Variability simulation

We estimated the naive treatment effect in (5) under a variety of simulation scenarios by varying the parameters in Table 1. We examined how simultaneously increasing measurement error variability at follow-up (λ2) and increasing measurement error variability in the treatment condition at follow-up (λ3) increases the required sample size to achieve 80% power. We assume that the trial was powered assuming non-differential measurement error based on existing self-reported data. Thus, the parameter for increased variability across all participants regardless of time point or treatment condition (λ1) was fixed across all scenarios and equal to 1.86. Calculation of power was based on a two-sample z-test, as defined in Power and sample size of the Appendix.
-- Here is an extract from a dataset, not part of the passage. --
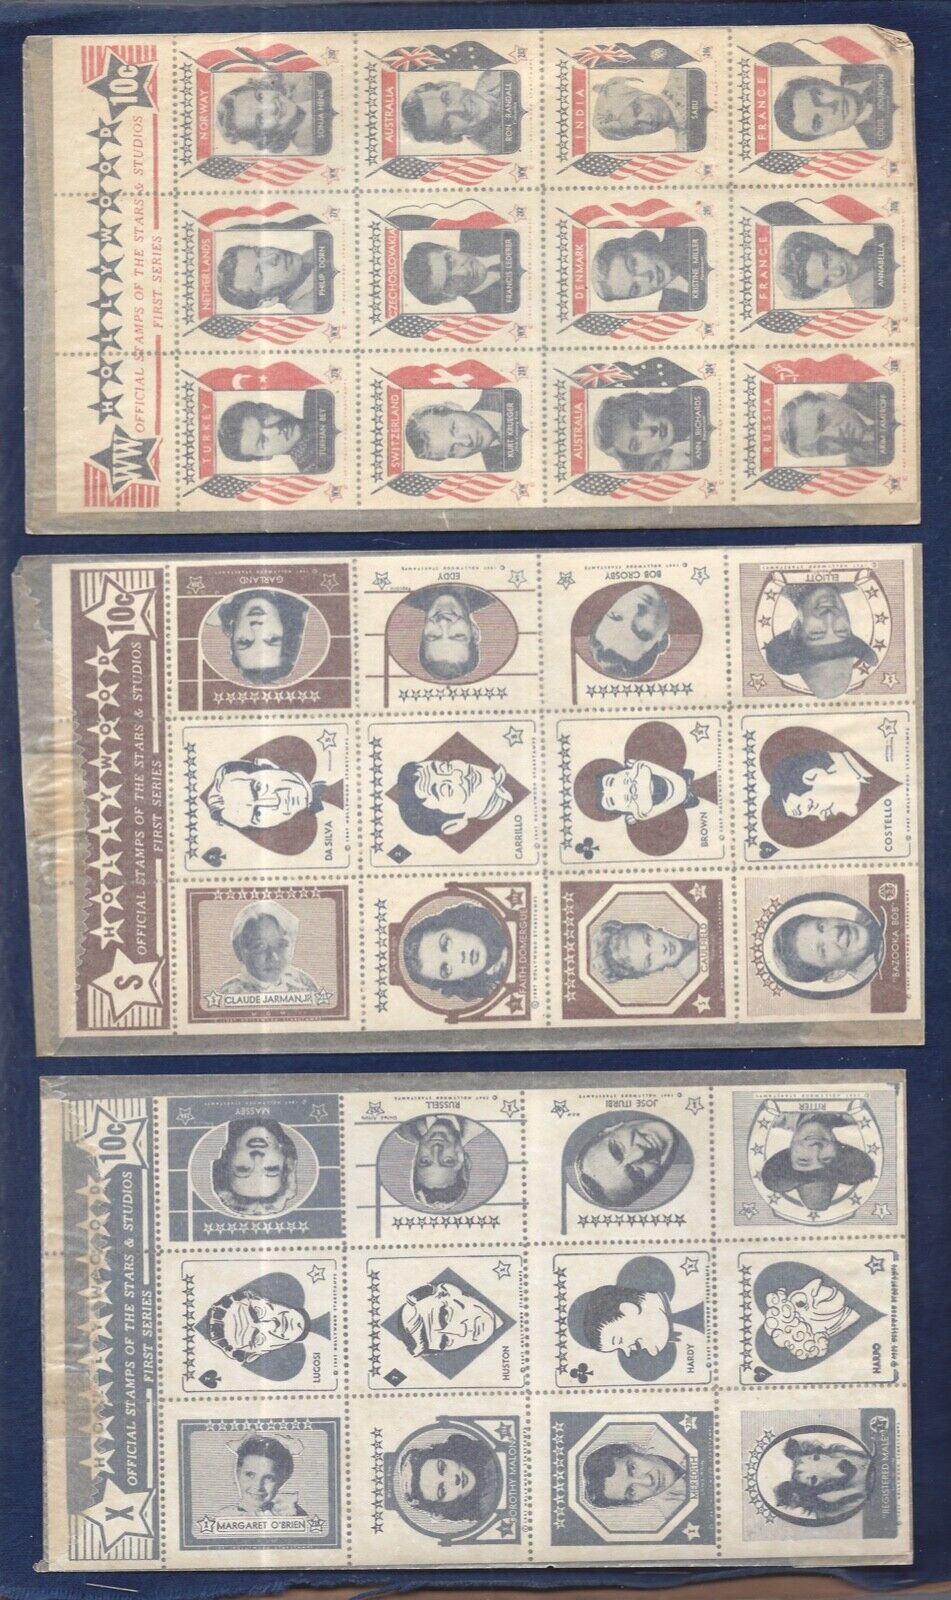 LQQK VINTAGE 1947 ORIGINAL FIRST SERIES STAMPS OF THE STARS SEALED UNOPENED X28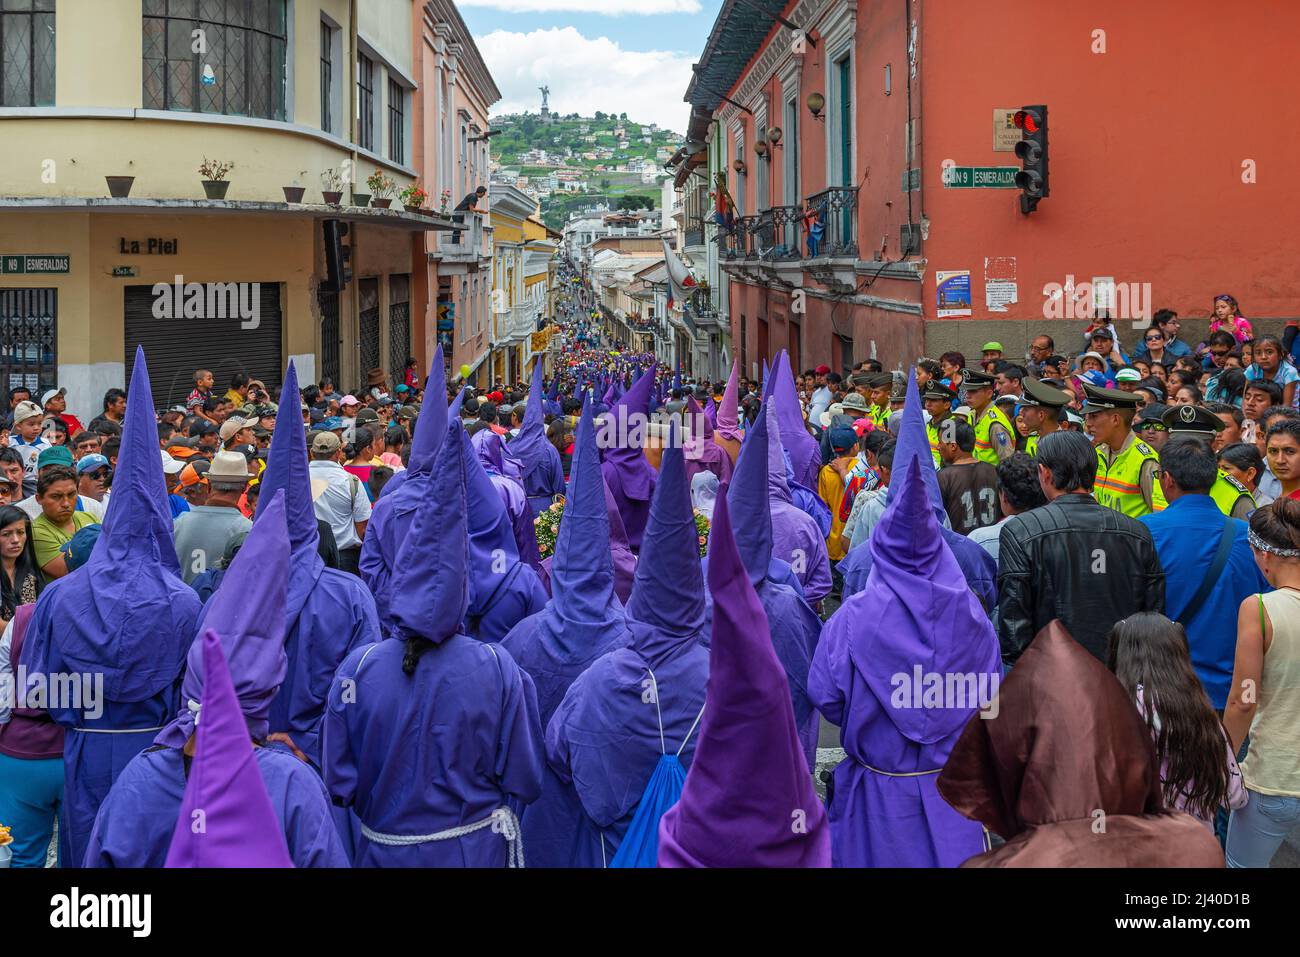 Cucurucho penitents in traditional purple costume with pointy hats during the Good Friday Easter procession in the streets of Quito, Ecuador. Stock Photo

Treatment effect simulation

Next, we examined how simultaneously varying the change in slope for the control group at follow-up (γ3) and varying the change in slope for the treatment group at follow-up (γ4) increases the bias of the treatment effect in terms of the percent increase in the bias of the treatment effect. We fix the parameters γ1 and γ2 to the TOHP values displayed in Table 1. Thus only the γ parameters that affect measurement error differentially (i.e. γ3 and γ4) influence the percent increase in bias of the treatment effect. In our setting, an increase in slope results in greater self-reported values at follow-up as compared to baseline (or the control group) for a fixed value of true intake.

Coverage simulation

Finally, we varied both the differential measurement error parameters in Table 2 affecting bias (γ3,γ4) and the differential measurement error parameters that affect variance (λ2,λ3) to generate different combinations of high/low bias and high/low variance. The parameters that do not affect differential measurement error (γ1,γ2,λ1) were fixed at their TOHP values. We calculated the naive treatment effect and its 95% confidence interval (Appendix Coverage). To compare these scenarios to each other and that based on true intake, we display our results using a forest plot.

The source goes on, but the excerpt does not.